Read Brimstone Angels Online

Authors: Erin M. Evans

Brimstone Angels (37 page)

Invadiah eyed her stonily and did not answer, but neither did she slap the teeth from Sairché’s mouth.

“I may have seen Lorcan—in fact, a great many
may
have seen him—the other day, borrowing the Axe of Exigency for an orc he had dragged to Malbolge as punishment for harming that warlock.”


My
Axe of Exigency?” Invadiah said.

“I couldn’t say. Though it does seem likely. It was meant to kill some priest or another for him.” Sairché tipped her head. “So you see, though Rohini speculates, she isn’t lying.”
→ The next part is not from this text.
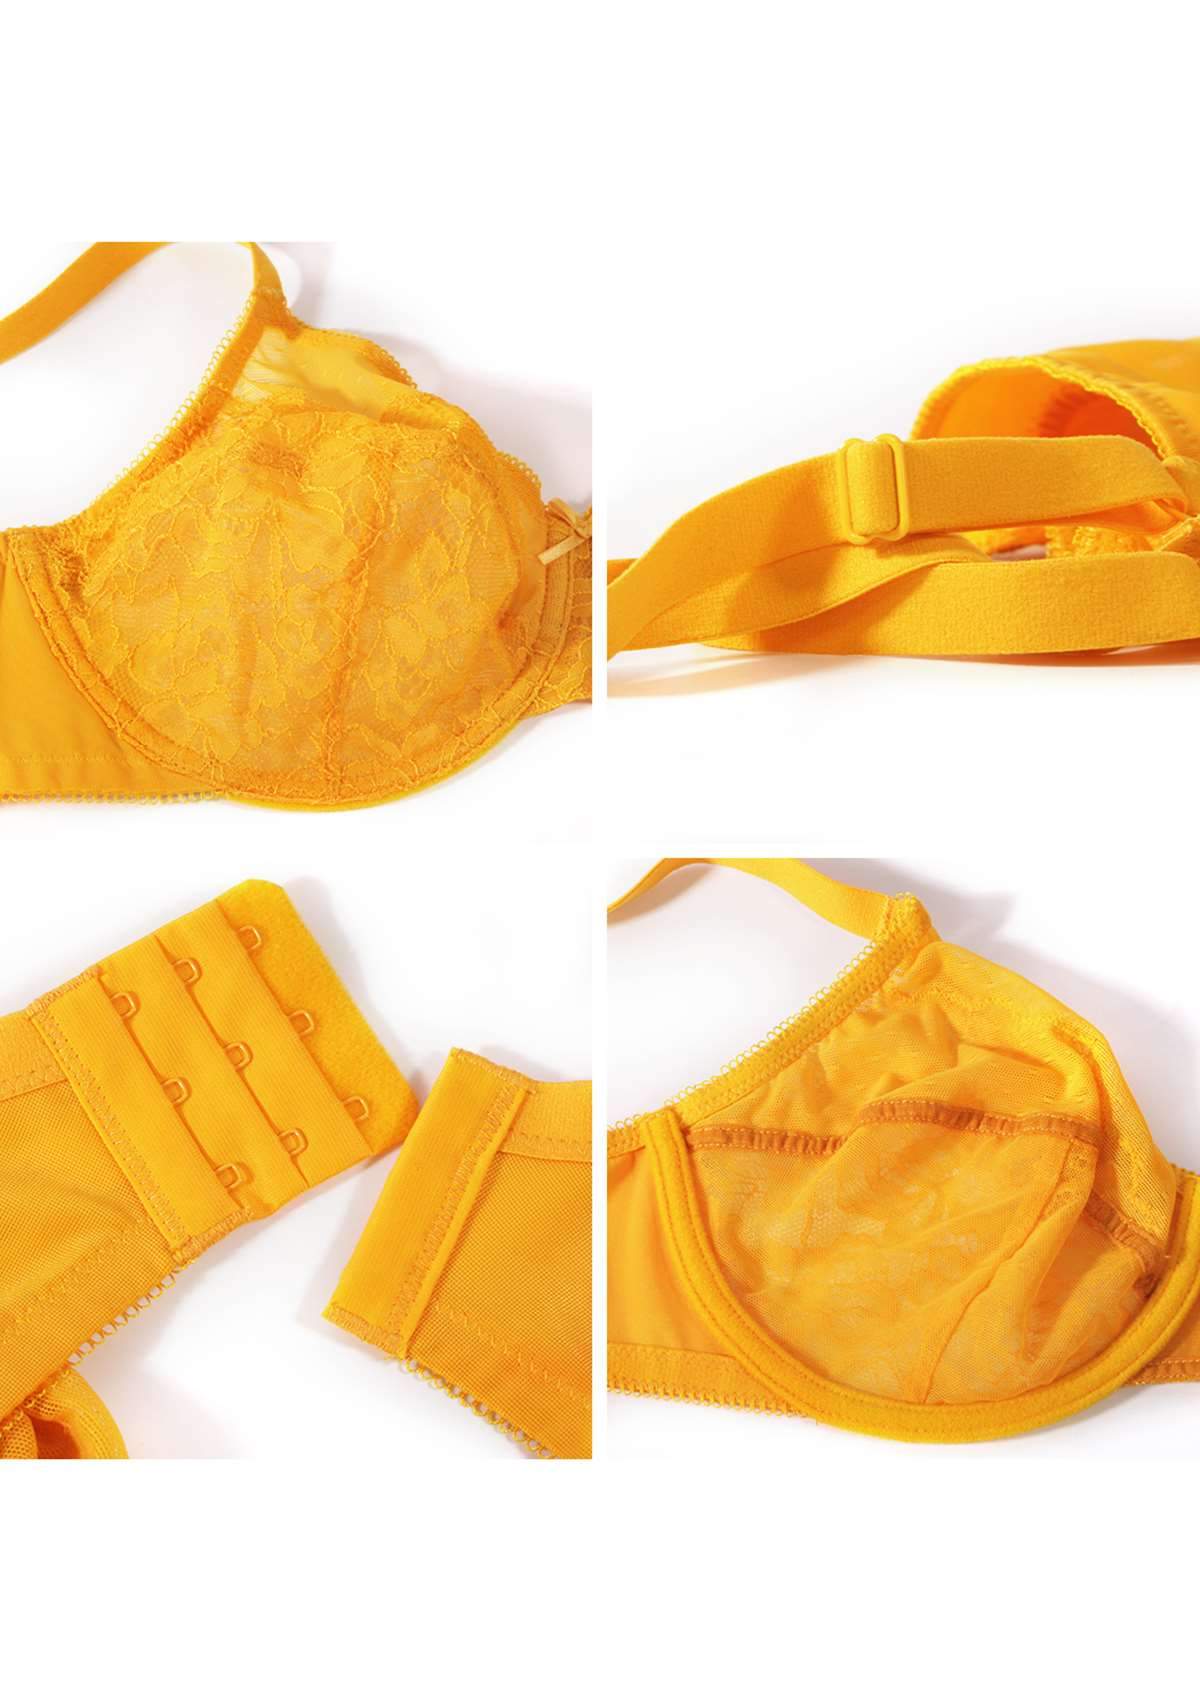 HSIA Enchante Bra And Panty Sets: Unpadded Bra With Back Support - Cadmium Yellow / 36 / C

Invadiah scowled and turned back to Rohini and the shimmering portal. “Where is Lorcan now?” she asked, and it wasn’t until her scowling eyes rolled back to Sairché that her daughter realized the question had been meant for her.
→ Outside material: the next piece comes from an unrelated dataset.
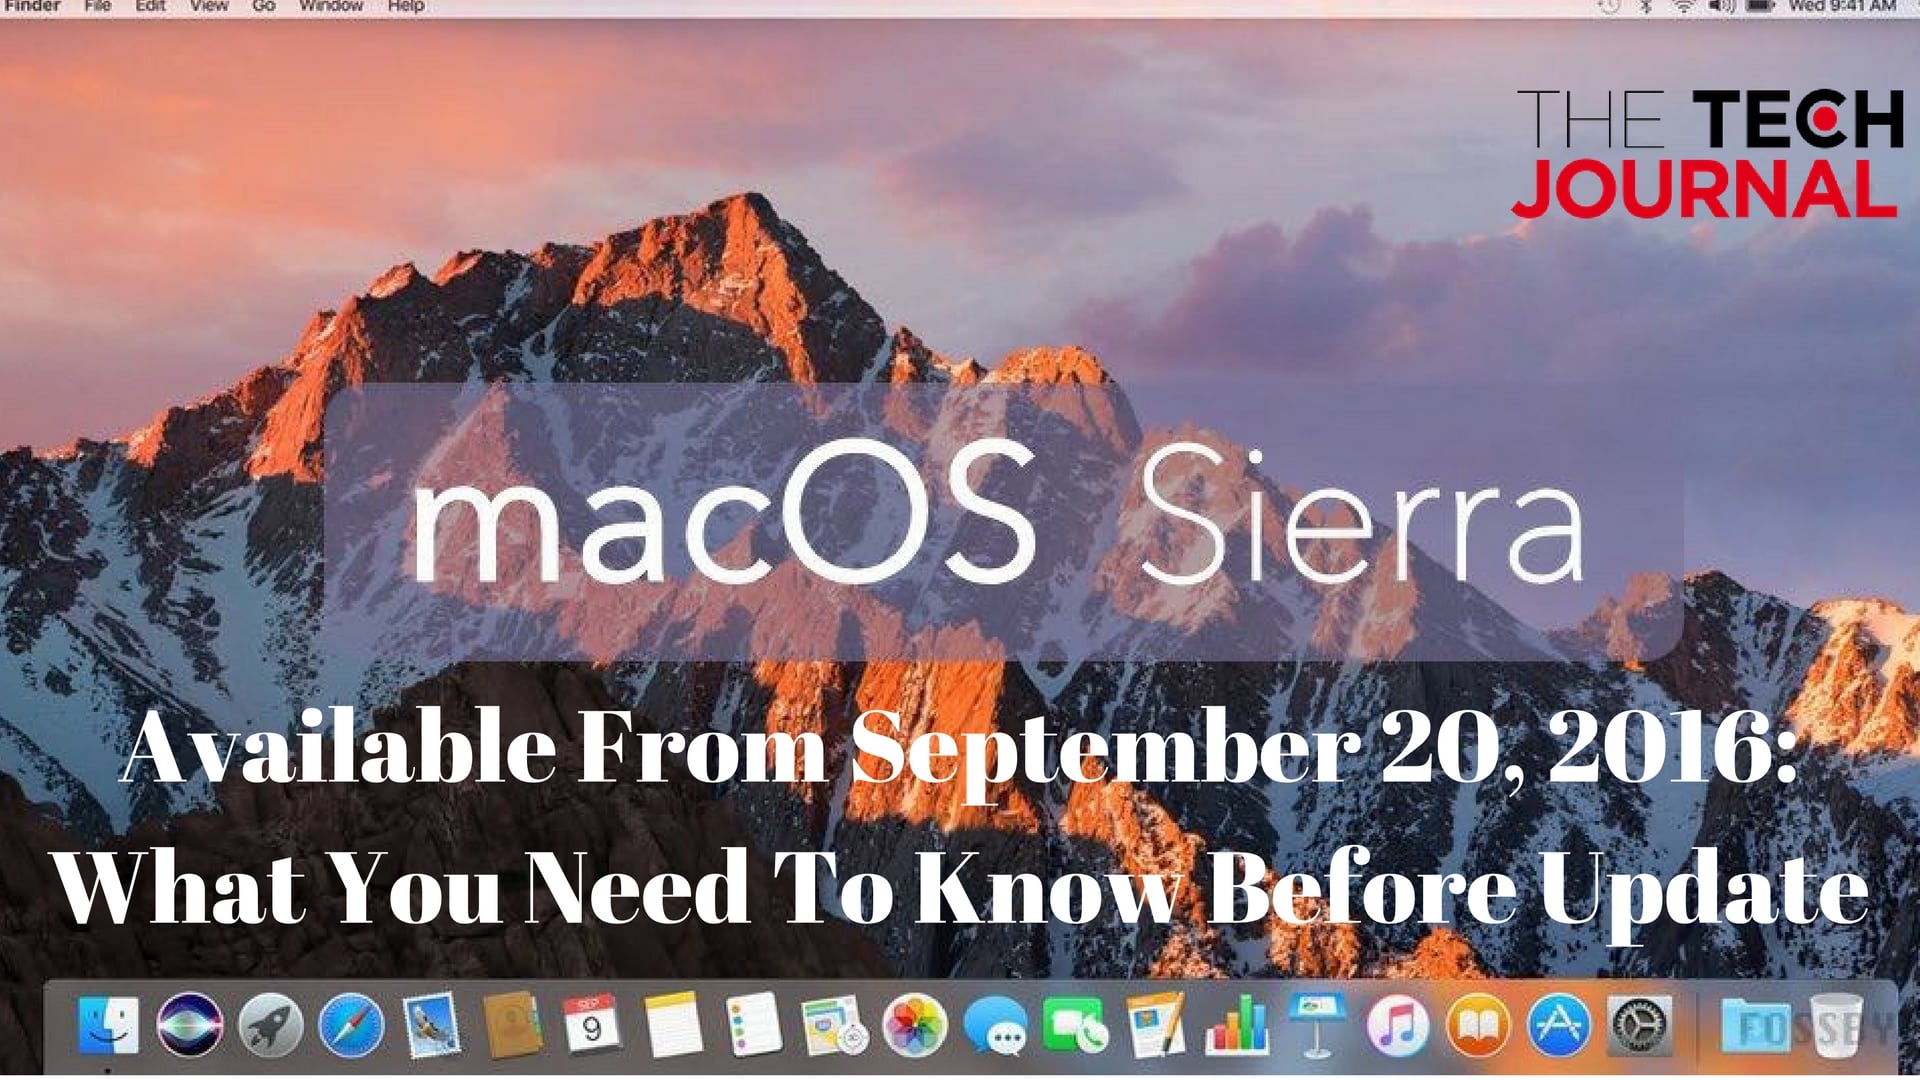 You are currently viewing macOS Sierra: Available From September 20, 2016 & What You Need To Know Before Update

“On Toril,” she said quickly. “Last I saw. In Neverwinter.”

“And the warlock?”

“With him. Though,” Sairché added, “she didn’t seem happy to see him. They might have separated.”

Invadiah nodded, and Sairché could see they were all very lucky indeed that Invadiah didn’t slap the teeth from all of their mouths, and luckier still that they were none of them Lorcan.

“Aornos, Nemea,” Invadiah growled. “Fetch your brother.”

“Your wish, Mother,” Nemea said. “Whole or in parts?”

Invadiah’s scowl deepened. “Whatever you see fit.”

Nemea and Aornos grinned at one another, and Sairché schooled her expression to one of indifference. On some level, she certainly pitied Lorcan, but if he was as clever as he seemed to think he was, he would figure out a way to escape Invadiah’s wrath, and if he wasn’t.…

At least I am not so foolish, Sairché thought with a suppressed giggle.

“You can use the Needle to get in,” Invadiah said. “The rings are in the treasury.”

Sairché fingered the pilfered ring on her chain. “I’ll fetch them for you,” she offered, and she scurried out the door before Invadiah could tell her no.

But she hung back and pressed herself to the hard bone wall beside the door, listening as Invadiah said, “You can have the warlock. Consider her a gift for your good work. Do what you need to get things done.”

“Oh,” Rohini said, and the purr had returned to her voice, “I’ll make
very
good use of her.” There was a muted flash as the succubus reactivated the portal, and was gone, followed by a few choice insults from the erinyes.

Sairché pursed her lips and waited long enough to mimic a sprint to the treasury and back. Damn it, gods
damn
it. Rohini didn’t even
know
the value of what she’d been handed, didn’t even care. Sairché’s plans were ruined.

No. The game’s not over, she thought, slipping back into the room, holding the green stone ring.

“There was only one,” she said apologetically. “I suspect Lorcan has the other.”

Invadiah curled her lip and grabbed the ring roughly from Sairché. She stormed from the room and down the hall to the antechamber, her daughters trailing.

Ahead of the door, she stopped. Sairché ducked to peer around her half-sisters’ knees. Hovering beside the door to the Needle of the Crossroads were two hellwasps, smaller than the ones that had been guarding Invadiah’s chambers.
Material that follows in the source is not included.